→ Source data

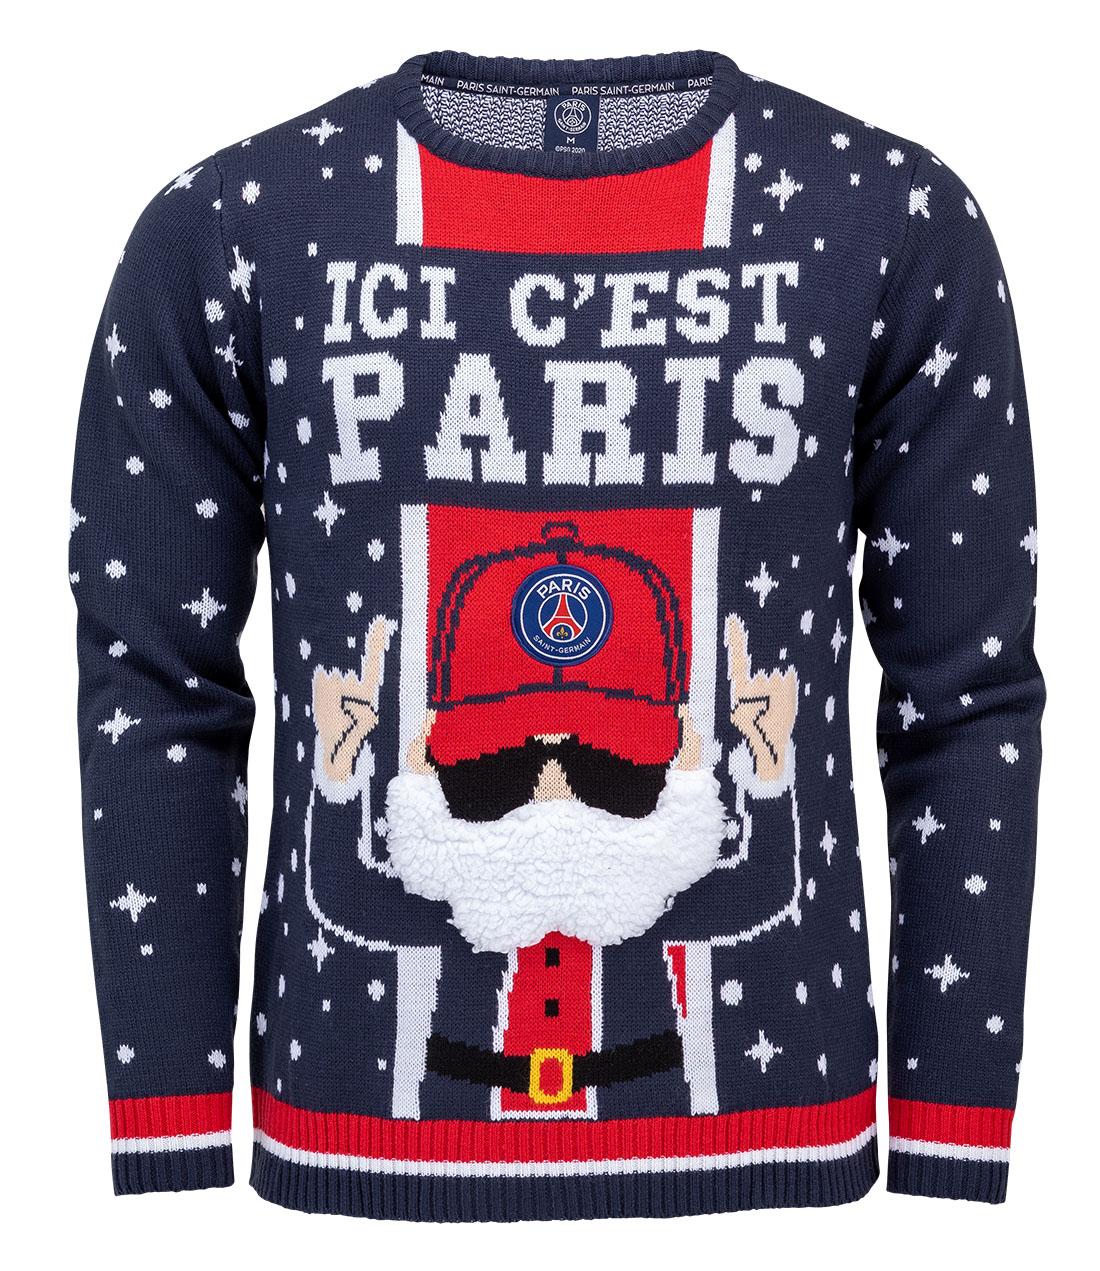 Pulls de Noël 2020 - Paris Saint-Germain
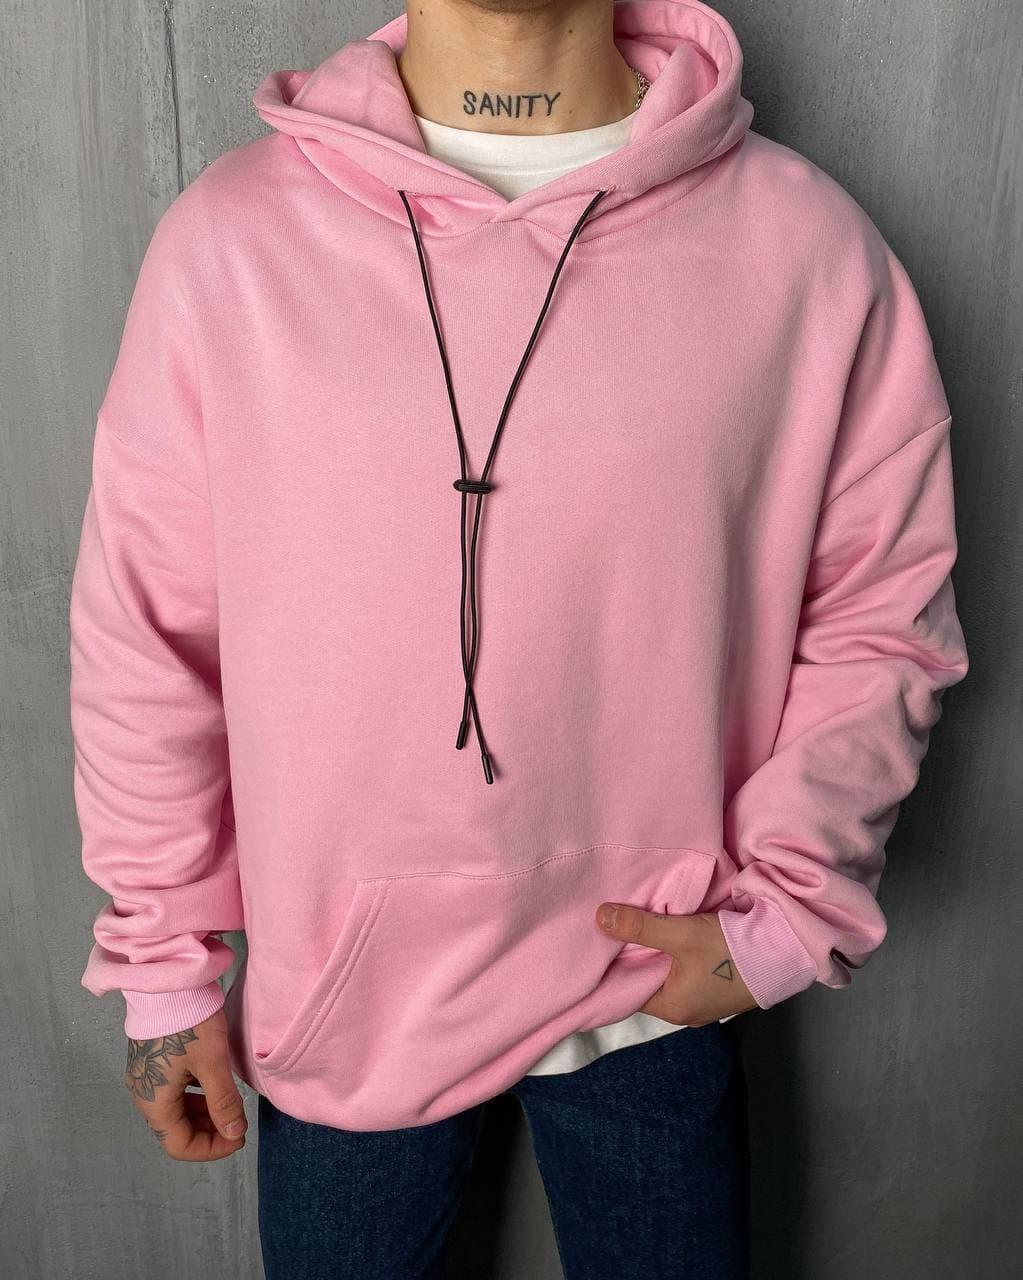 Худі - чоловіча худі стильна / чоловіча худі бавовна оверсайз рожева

...

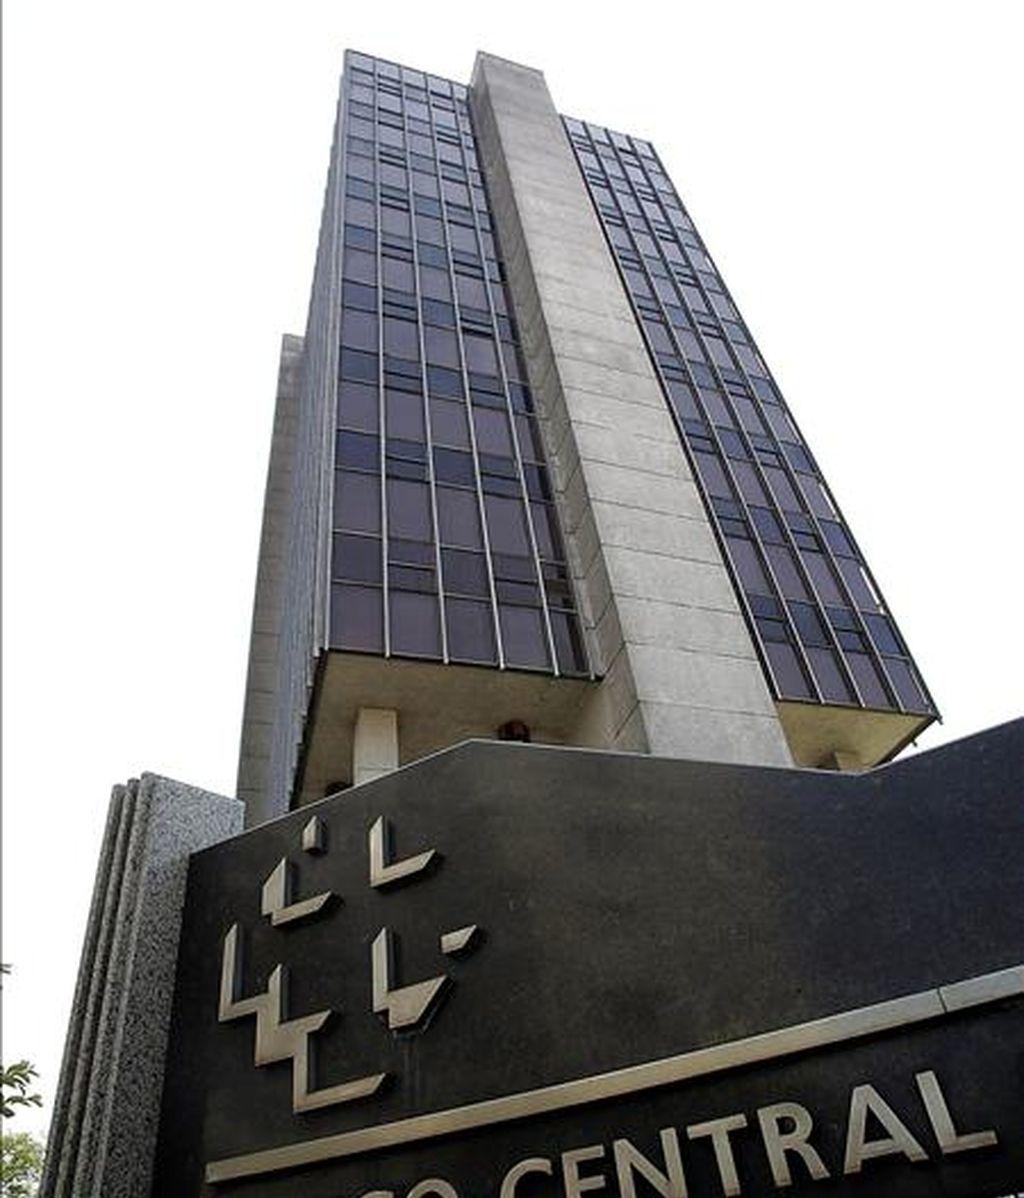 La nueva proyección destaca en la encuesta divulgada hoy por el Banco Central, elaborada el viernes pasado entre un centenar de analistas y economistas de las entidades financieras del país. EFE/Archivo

==

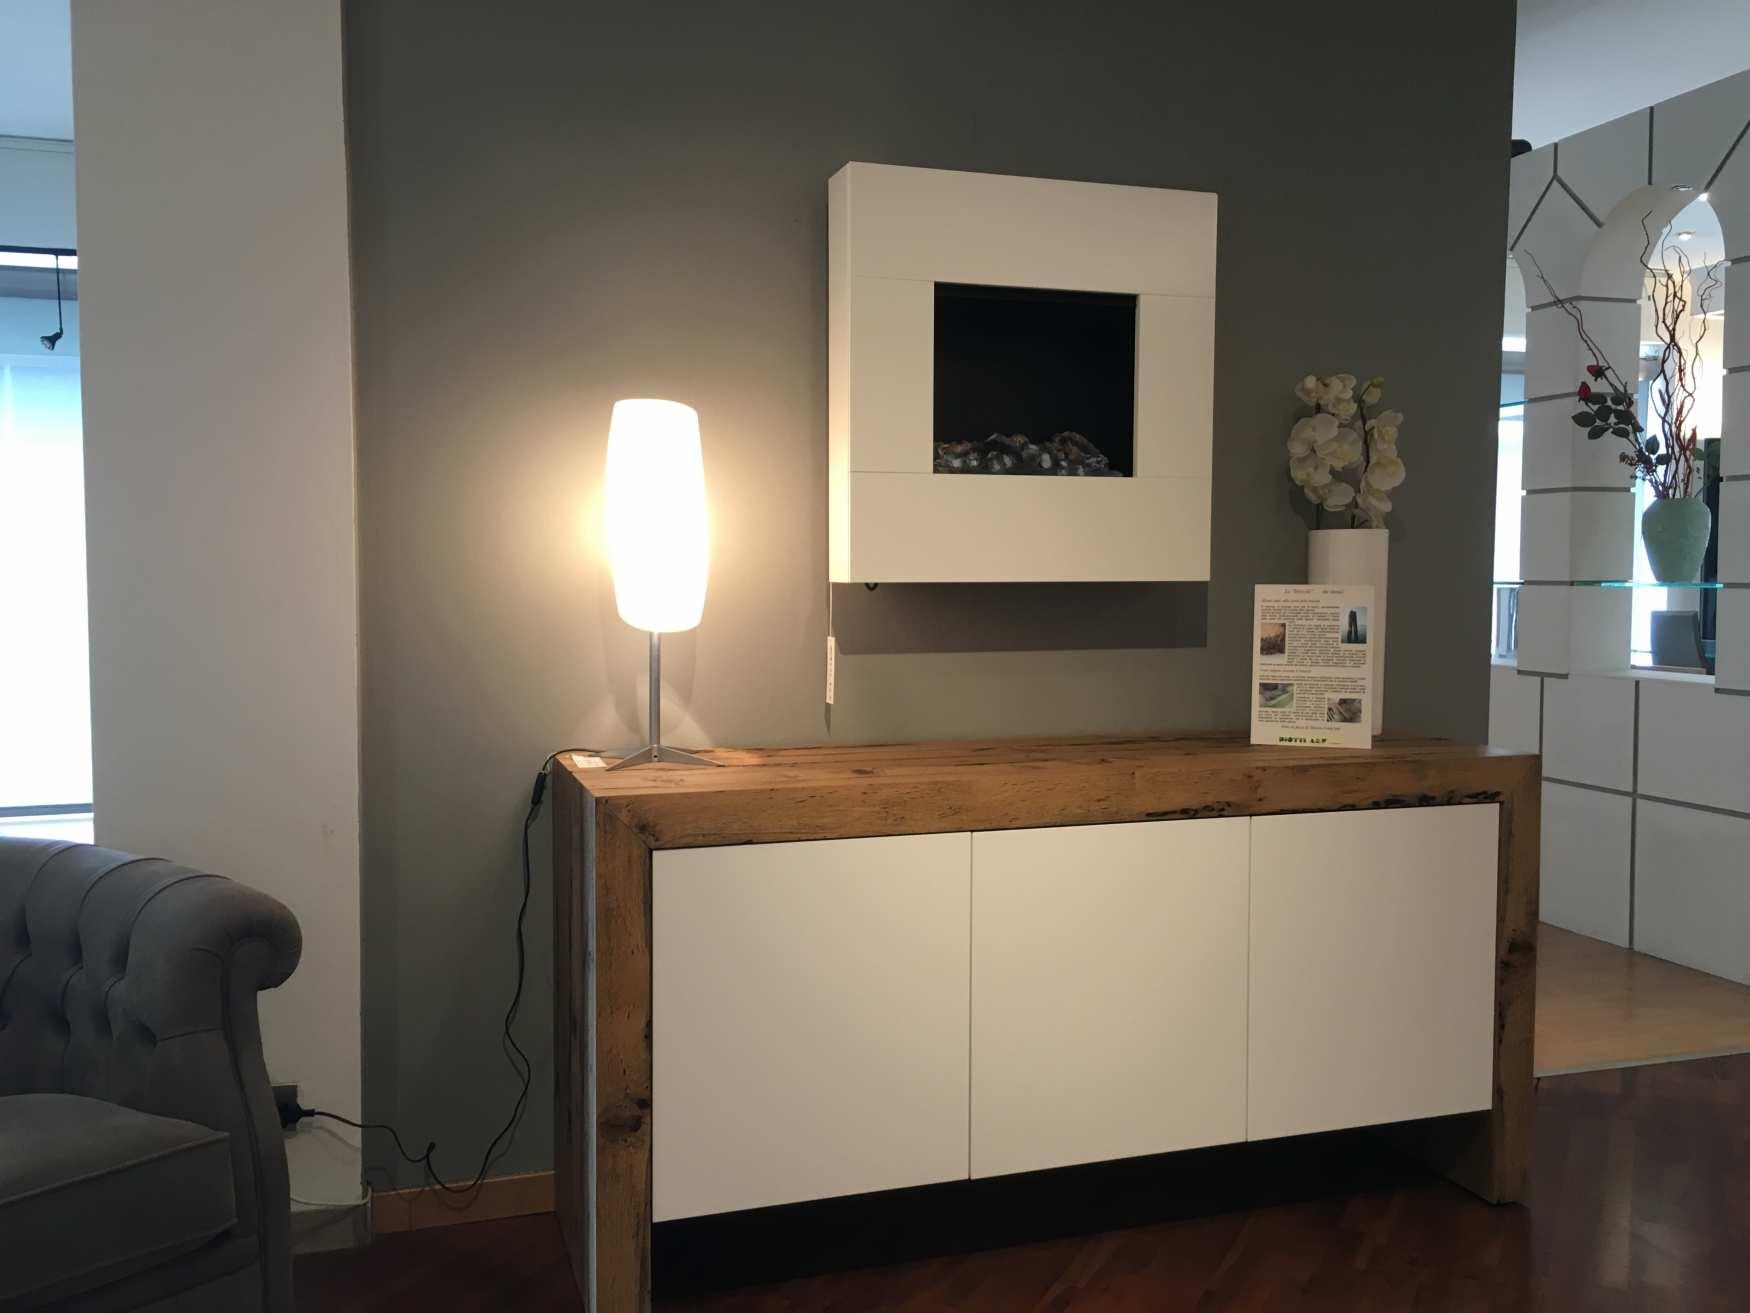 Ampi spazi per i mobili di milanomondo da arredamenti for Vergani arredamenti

→ To do
Within the listing above, the lines from the one with "Pulls de Noël 2020 - Paris Saint-Germain" through the one with "Худі - чоловіча" are to be given again word for word. Do not include pictures.

→ Exercise solution
 Pulls de Noël 2020 - Paris Saint-Germain
 Худі - чоловіча худі стильна / чоловіча худі бавовна оверсайз рожева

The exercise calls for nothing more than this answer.